EXERCISE DIRECTIONS: The response must consist of the lines below from the one with "kitchenbookbigpics-0045.jpg" through the one with "Armband Tatto. Idee: Elephant", exactly as they appear and with both ends kept.

-- SUPPLIED ENTRIES follows --

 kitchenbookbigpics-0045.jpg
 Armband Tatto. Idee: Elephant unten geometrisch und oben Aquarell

-- SUPPLIED ENTRIES concluded --
-- SUPPLIED ENTRIES follows --

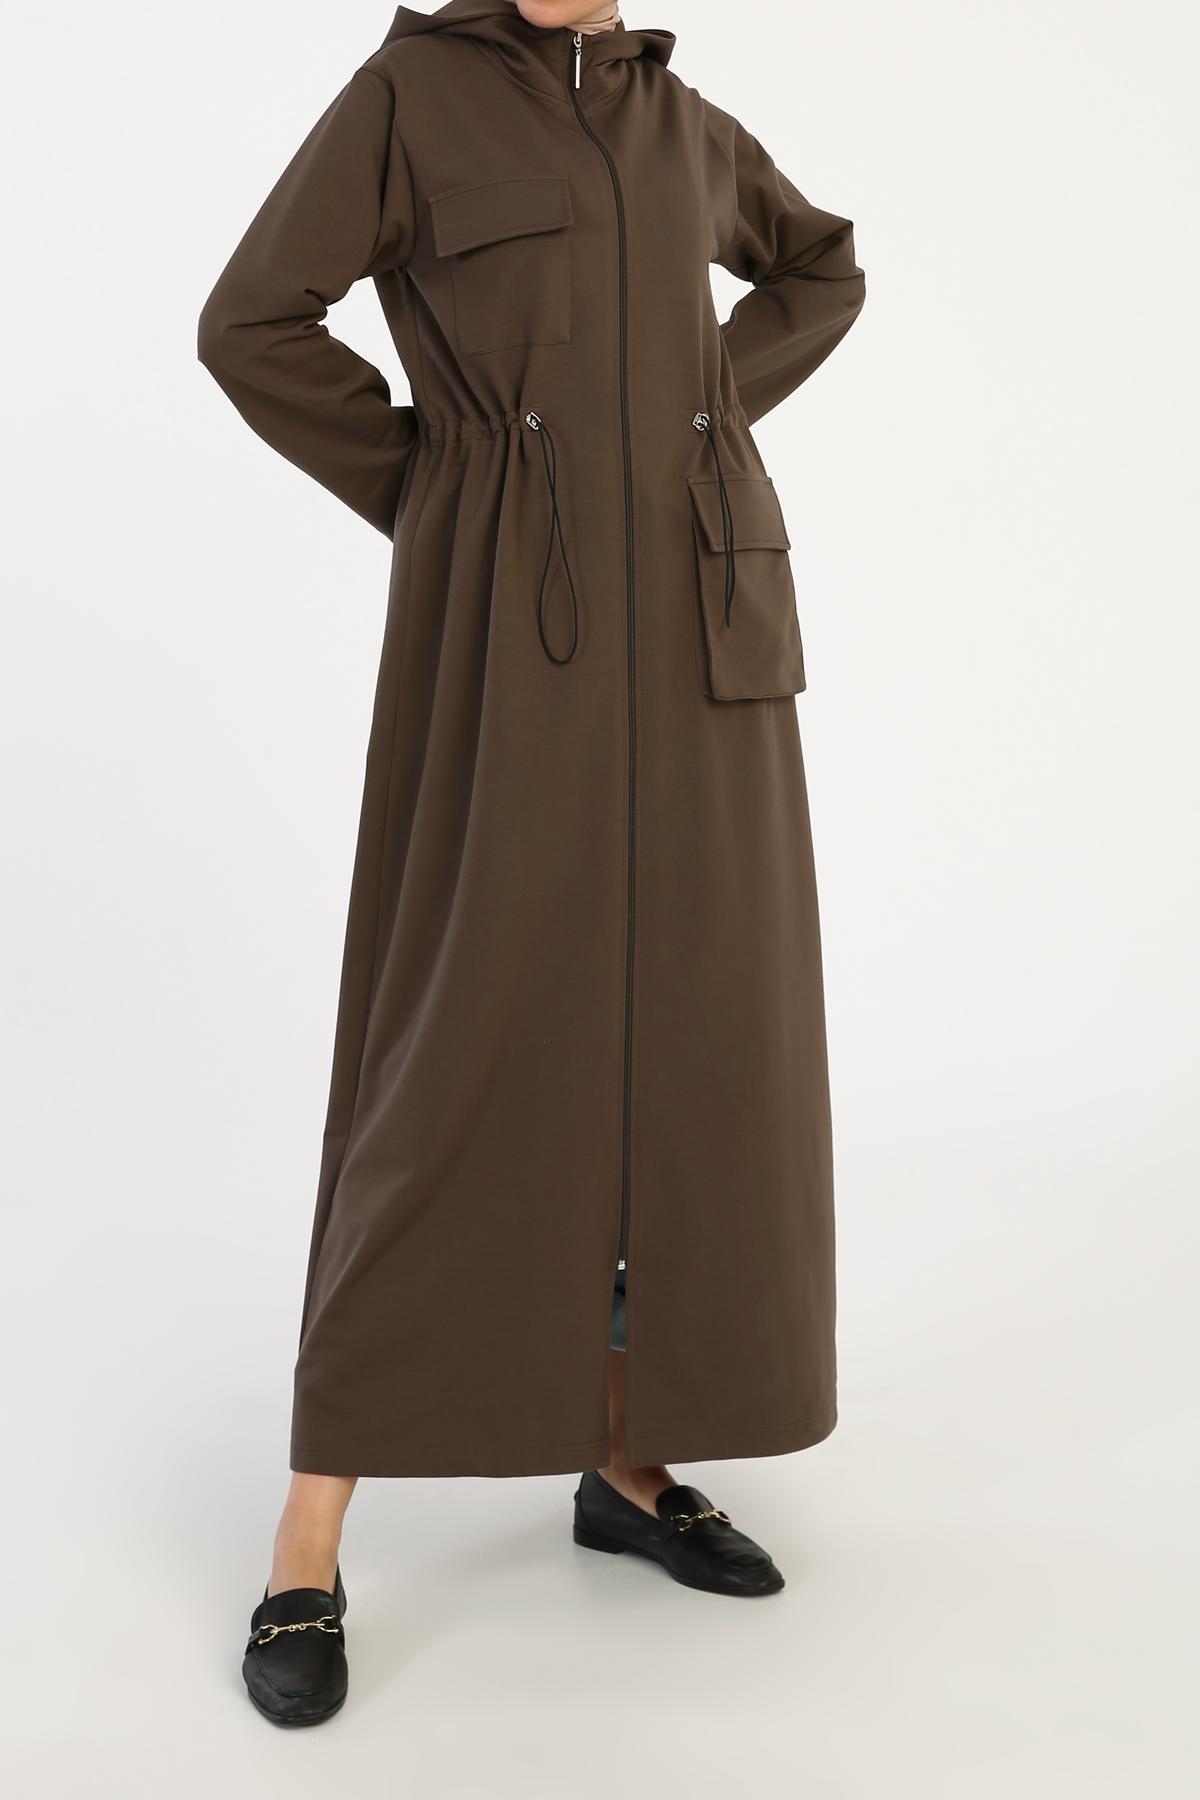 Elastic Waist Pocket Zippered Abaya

-- SUPPLIED ENTRIES concluded --

ANSWER SPACE:
 kitchenbookbigpics-0045.jpg
 Armband Tatto. Idee: Elephant unten geometrisch und oben Aquarell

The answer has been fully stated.